A More Fruitful Union: Marrying Human Brains with Computers
Q. You’ve been passionate about both artificial intelligence and human intelligence. What are the strengths and limitations of each, and how do you envision combining them to achieve great things?
A. Machines are fundamentally number crunchers. They are best at counting, keeping track of things, and following a set of predefined steps. Artificial Intelligence (AI) is about using these number crunching abilities as building blocks for creating humanlike intelligence. Although AI continues to make steady progress, there are still many things that humans do better than machines. For this reason, I believe our best opportunity today for solving tough problems comes from strategically combining the respective strengths of machine and human intelligence.
Humans continue to excel at creativity, abstraction, and applying world knowledge to solving problems. So a natural partnership between humans and machines involves letting the humans do the creative problem solving and letting machines manage the administrative tasks and run the math formulas.
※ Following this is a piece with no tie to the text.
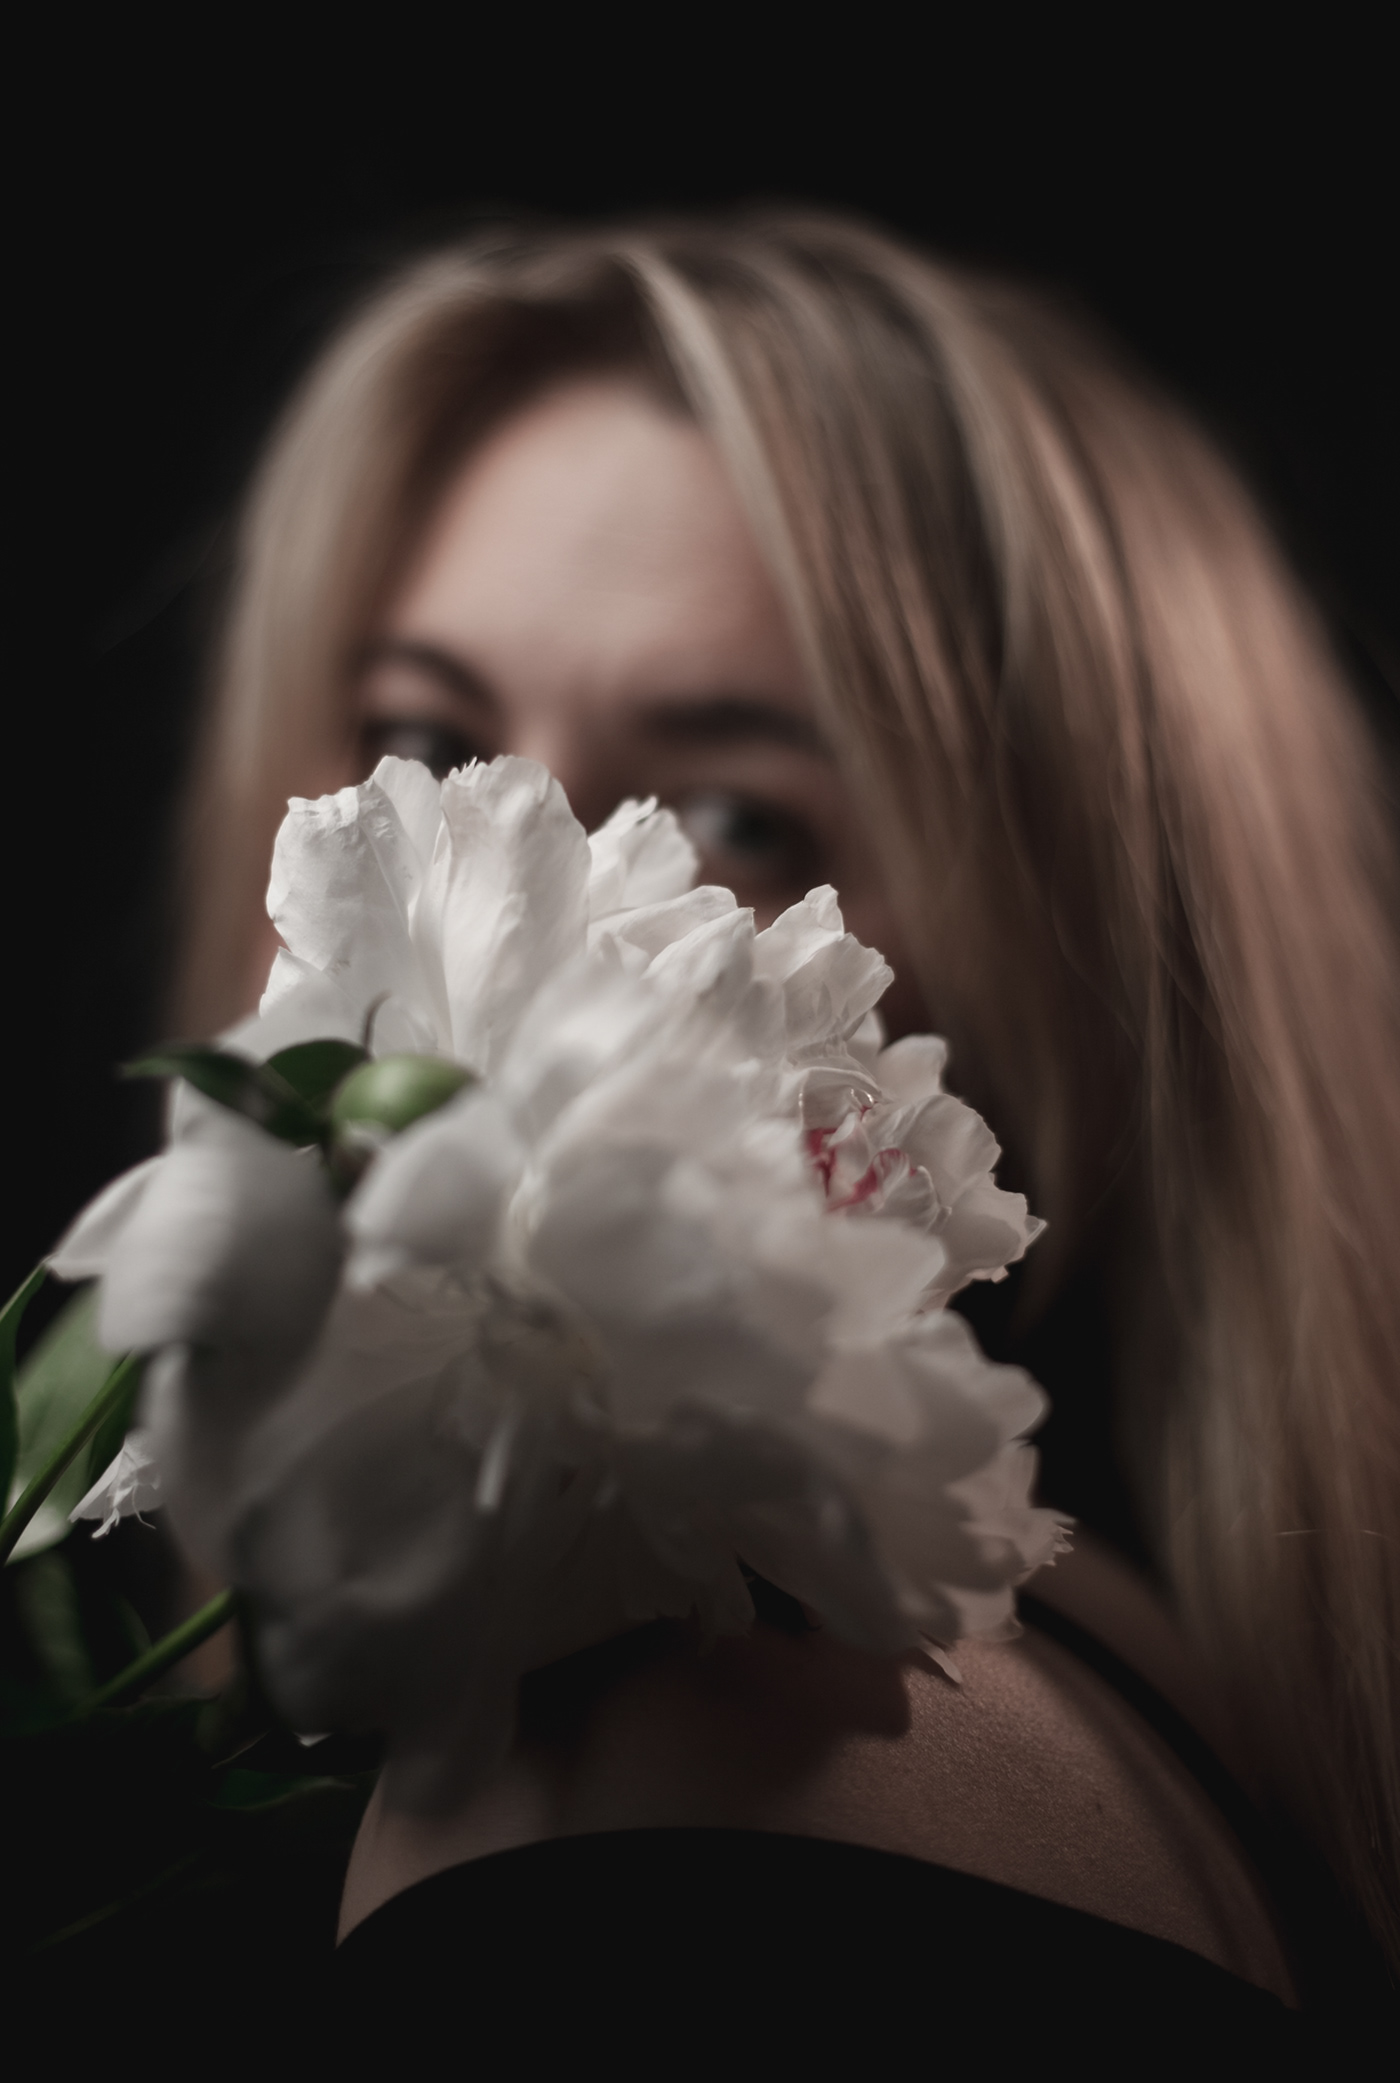 blonde blur dark Flowers girl Nature peonies people White

One reason humans may do better than machines in Stall Catchers is that our visual system is influenced by our reasoning system – the two are tightly intertwined. Making an accurate judgment isn't just about noticing visual patterns on the screen; it is about interpreting what they mean.
Another benefit of AI is that if we can get machines to behave in humanlike ways, even if they aren't quite as a good as a human, they can substantially reduce our workload. In fact, this is our approach for the new game. We are training a neural network to give us the best possible starting point and then letting humans do the remainder. Imagine working on a jigsaw puzzle that comes with most of the pieces already put together. If the AI can do 80% of the work, then we have reduced the human workload by a factor of 5. Over time, we can also use the human-generated data to teach the AI system to be smarter, further reducing the need for human labor and speeding up the research.
Q. Is this approach particularly suited for problems with multiple causes, like climate change, or Alzheimer’s disease?
A. Absolutely! The world is a system of systems. Some of the most challenging problems of our time, like climate change, geopolitical conflict, and pandemic disease are multifaceted and influenced by many interdependent systems. How could any one person or even a group of people hope to understand all of the economic, social, and biological effects of a prospective climate change solution? But what if we developed a system that would allow millions of people from different backgrounds to go online and build a working model of the world? Then another million people could use that model to test out different ideas and see all the trickle-down effects before trying them out in the real world. And with more sensors getting connected to the Internet every day, our collective model could become an increasingly real time, faithful representation of the world. Professor Dickinson and I wrote about this idea for the journal Science last year, to try to bring this perspective to the broader scientific community.